» Activity
Drop the pictures and restate the rest of the listing word for word.

» Dataset excerpt

★ ★ ★ ★ ★

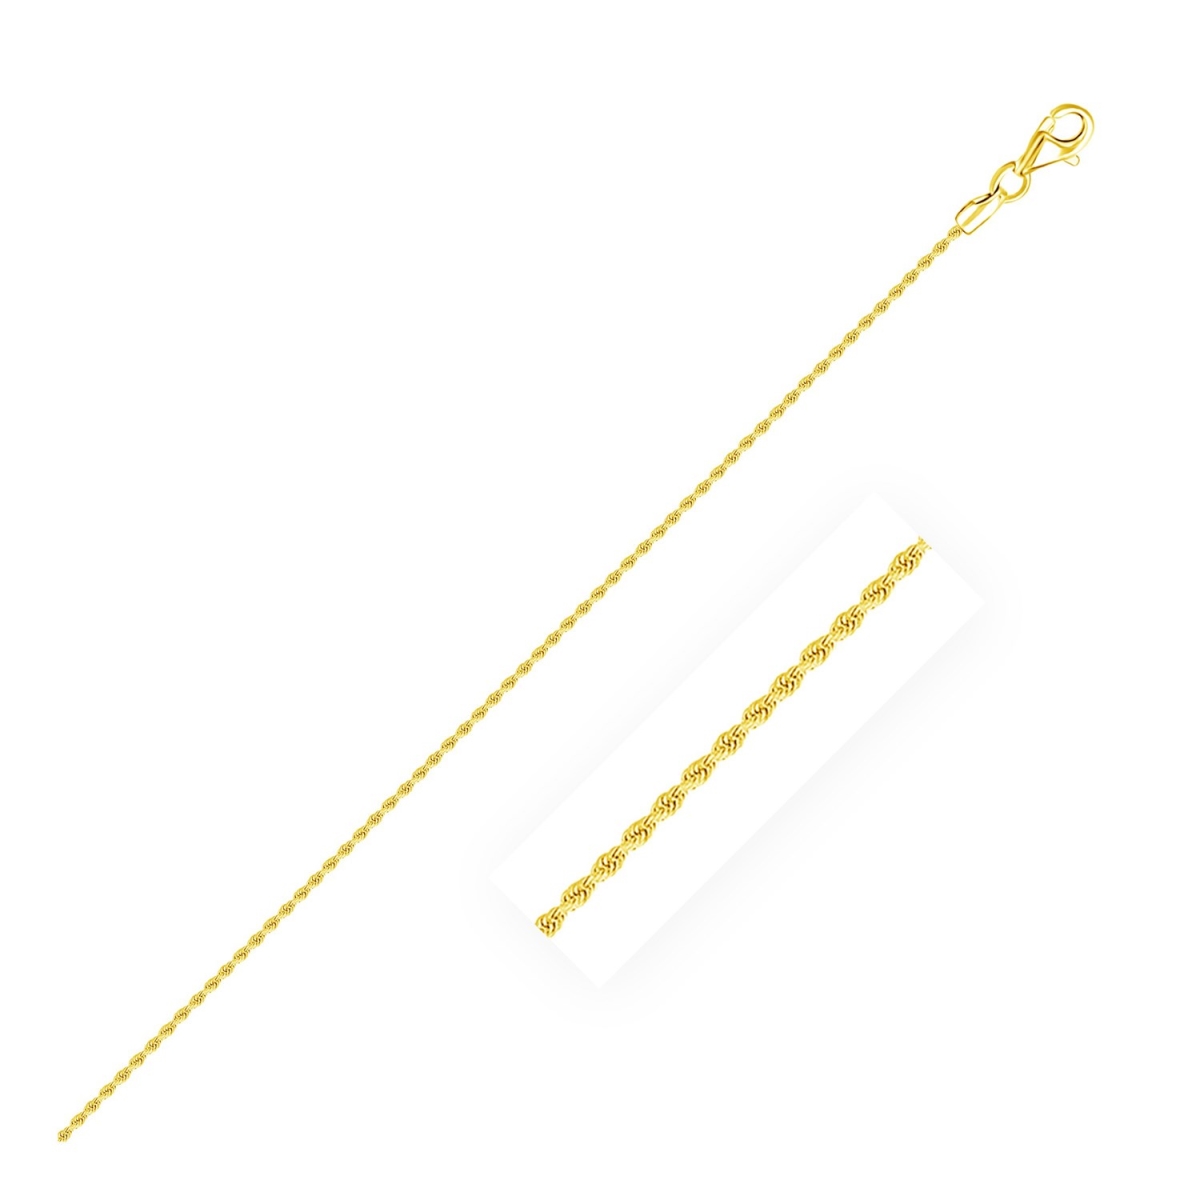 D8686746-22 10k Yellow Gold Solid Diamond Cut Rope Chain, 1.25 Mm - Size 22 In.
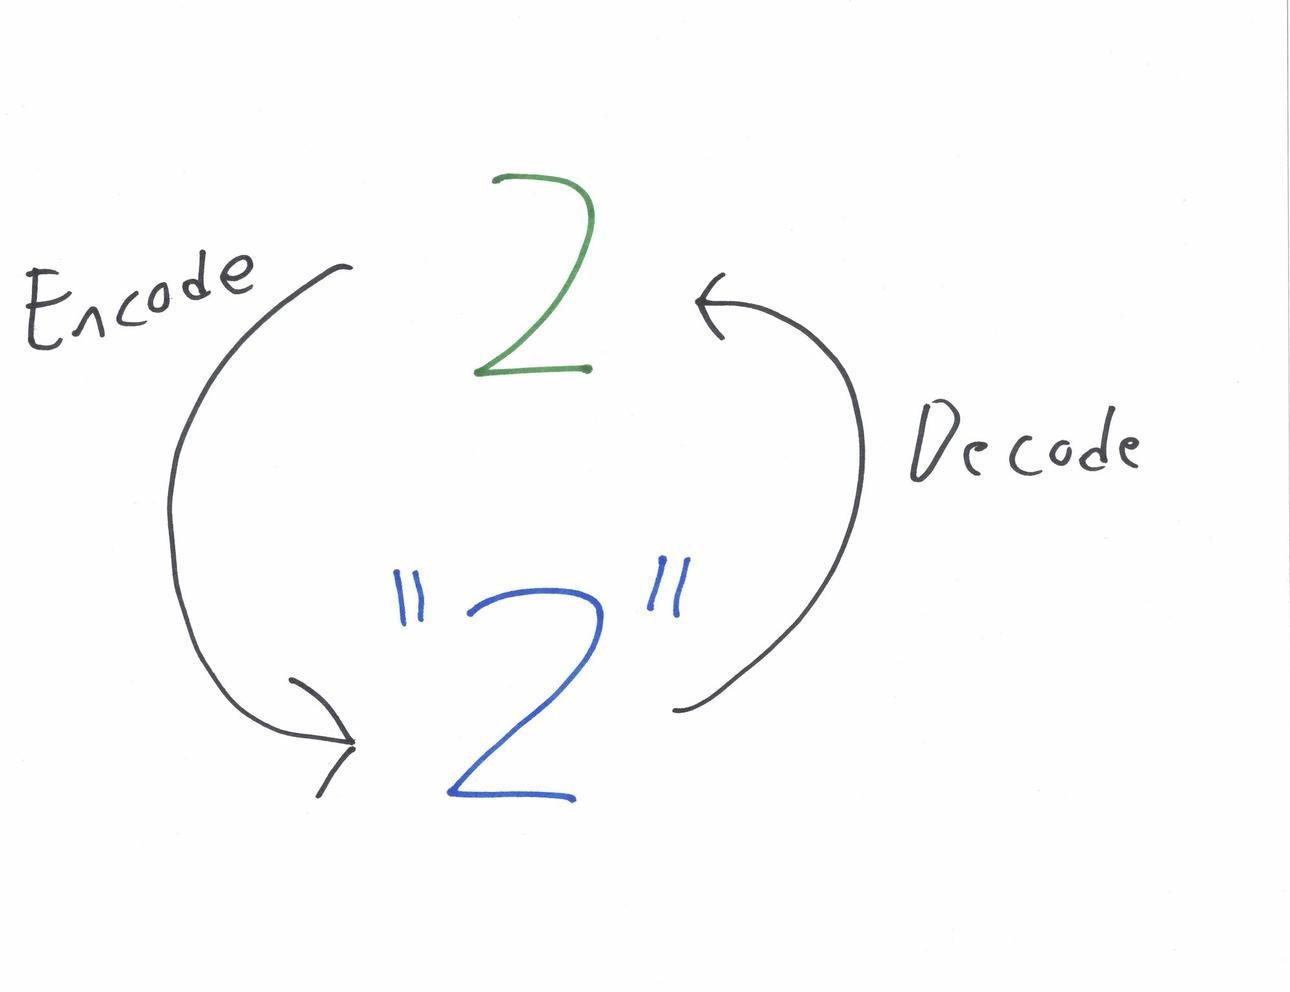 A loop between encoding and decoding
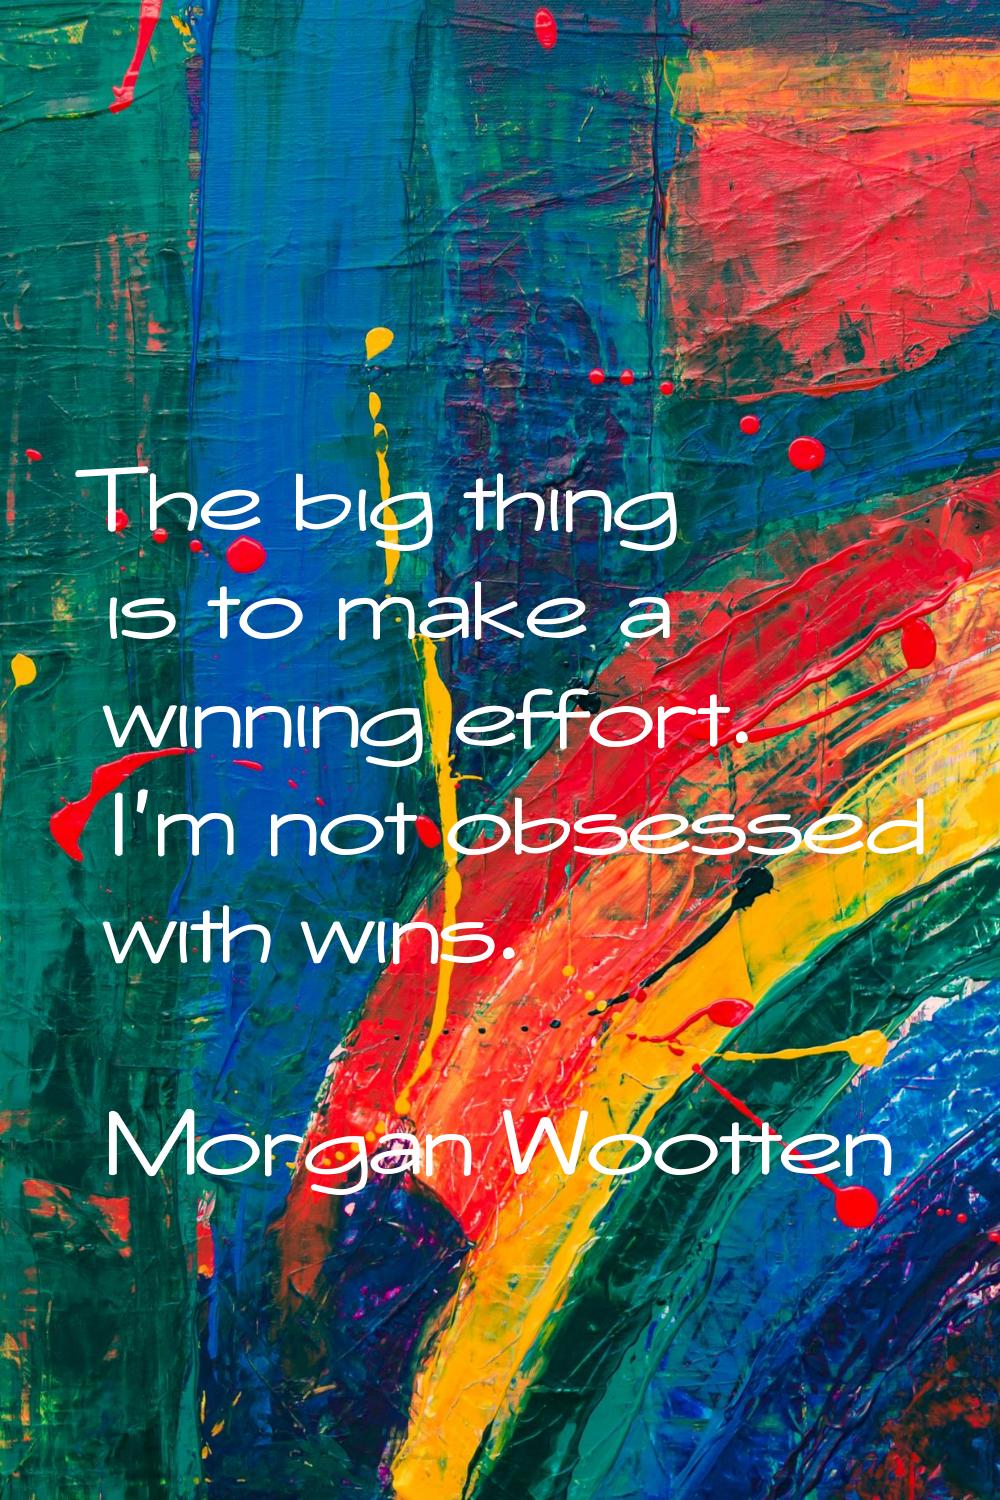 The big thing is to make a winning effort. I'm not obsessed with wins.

★ ★ ★ ★ ★

» Response for this exercise
 D8686746-22 10k Yellow Gold Solid Diamond Cut Rope Chain, 1.25 Mm - Size 22 In.
 A loop between encoding and decoding
 The big thing is to make a winning effort. I'm not obsessed with wins.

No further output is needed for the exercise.